The first small reserves had been created in 1901, the bigger Mountain Reserve in 1917. A first government grant of £5 was received in 1920. The next grant of £100 from unemployment relief funds did not come until 1933! It would be 1965 before there was enough money to employ the first ranger.
With the only income coming from the lease for grazing of a small portion of land, there was little that the trustees could do beyond some blackberry control and endeavouring to keep paths clear.
This created real governance problems as trustees lost heart, retired or died. Between 1940 and 1949 it appears that the Trust did not meet at all. Then came another of those energising events.
There had been problems with illegal logging and shooting for some time.
In 1949, the Thora sawmill lodged an application to log the park.
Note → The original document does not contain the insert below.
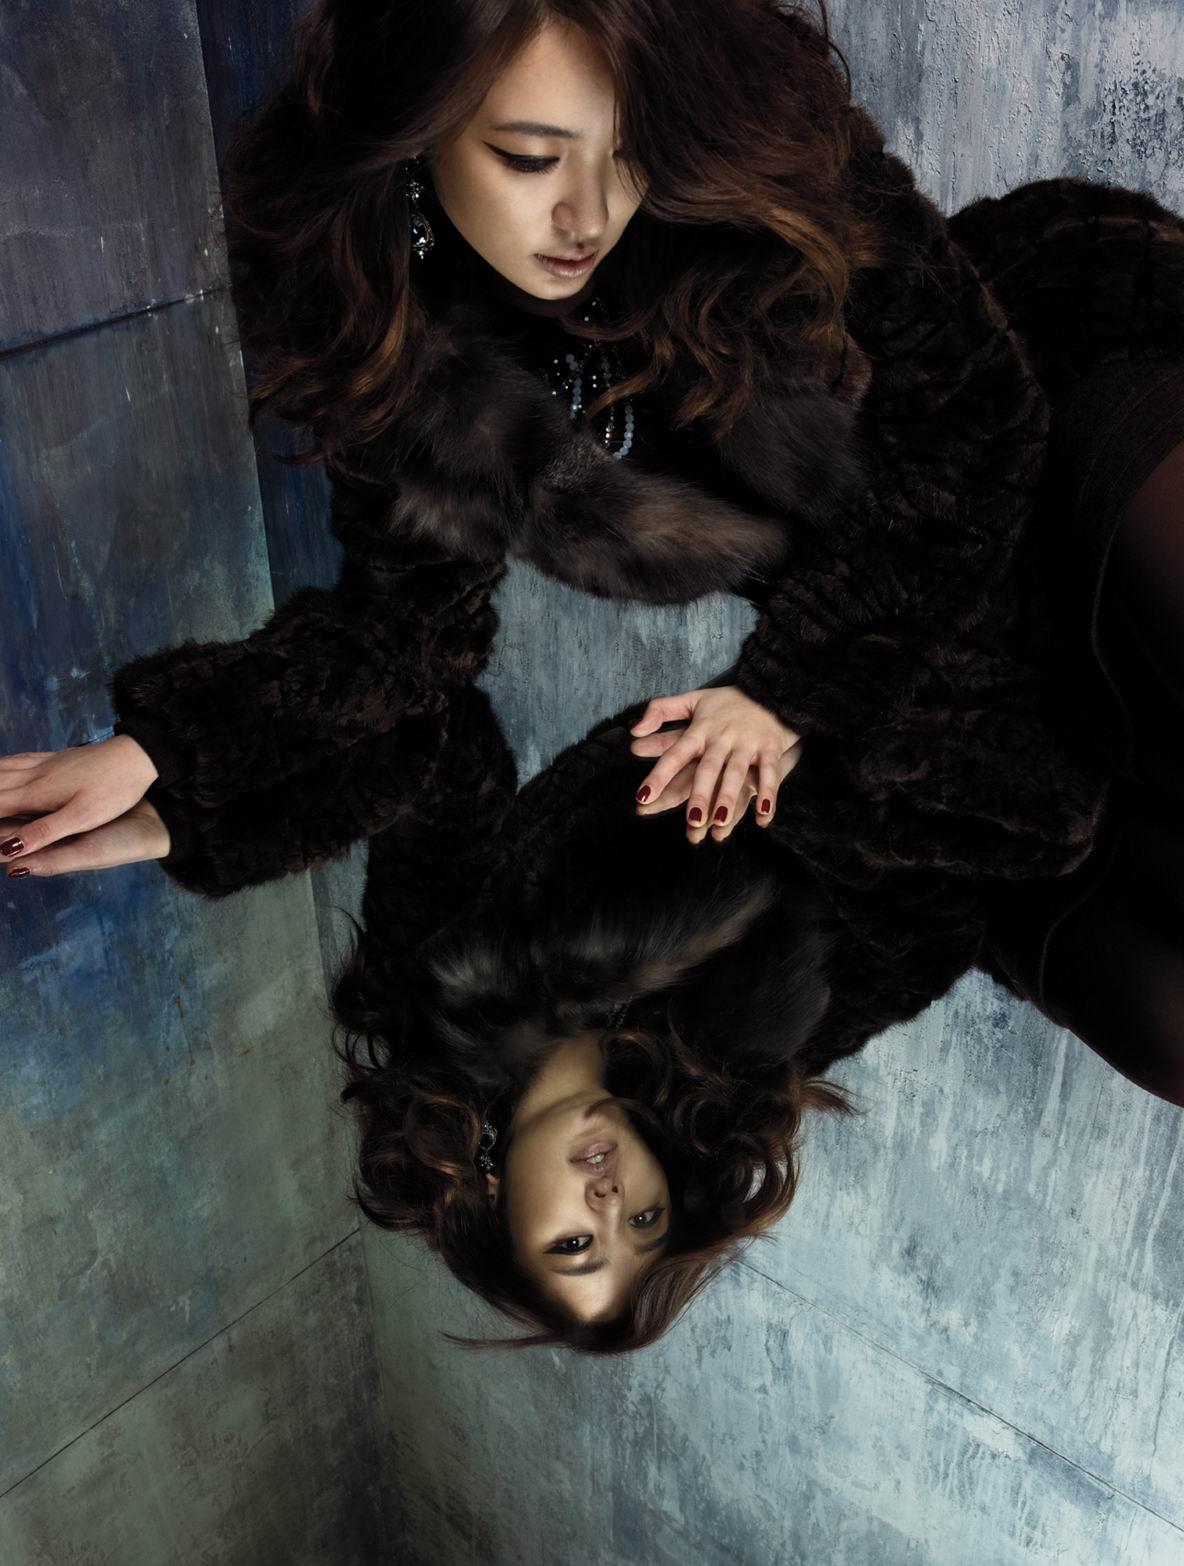 http://1.bp.blogspot.com/_csAyGOQxFJQ/TM5biB0QLbI/AAAAAAAALZg/IKjoXJVKfGQ/s1600/cutekimchi.com_YoonEunHye-1-02.jpg

As local member, Roy Vincent was able to block the application and get the Trust restructured, but in the absence of funding, the Trustees struggled.
In 1954, responsibility for the management of the park was transferred to the Dorigo Shire Council, passing to the Bellingen Shire Council in 1957 following the forced merger of the Dorrigo and Bellingen Shires. A management committee was formed to oversight the park in the place of the Trustees.
The merger of the two shires created bitter resentment on the Dorrigo Plateau Locals believed that they had little in common with the coast and that the merger would submerge their interests to their cost. This resentment turned into direct action when the Bellingen Shire Council recommended that logging be allowed in the park.
Local solicitor Ray Spinaze led the Dorrigo response.
Born in 1914, Spinaze was a descendent of the Veneto (Italian) families who had been attracted to the South Pacific by the ill-fated dreams of the Marquis de Rays. When that failed, the survivors established New Italy between Byron Bay and Grafton, now a significant tourist destination.
Spinaze had been dux of Lismore High School and then trained as a solicitor. On the boat to Sydney for exams, much coastal travel was still done by steamer, he met Georgina Cochrane. The couple married in 1941 and then settled in Dorrigo where Spinaze had bought a practice.
Spinaze's campaign blocked any attempt to log the Park. Because of the tensions between the park management committee and council, responsibility for the park's management was taken away from the Bellingen Shire Council and given back a newly reconstituted Trust.
The Park as we know it today had been born.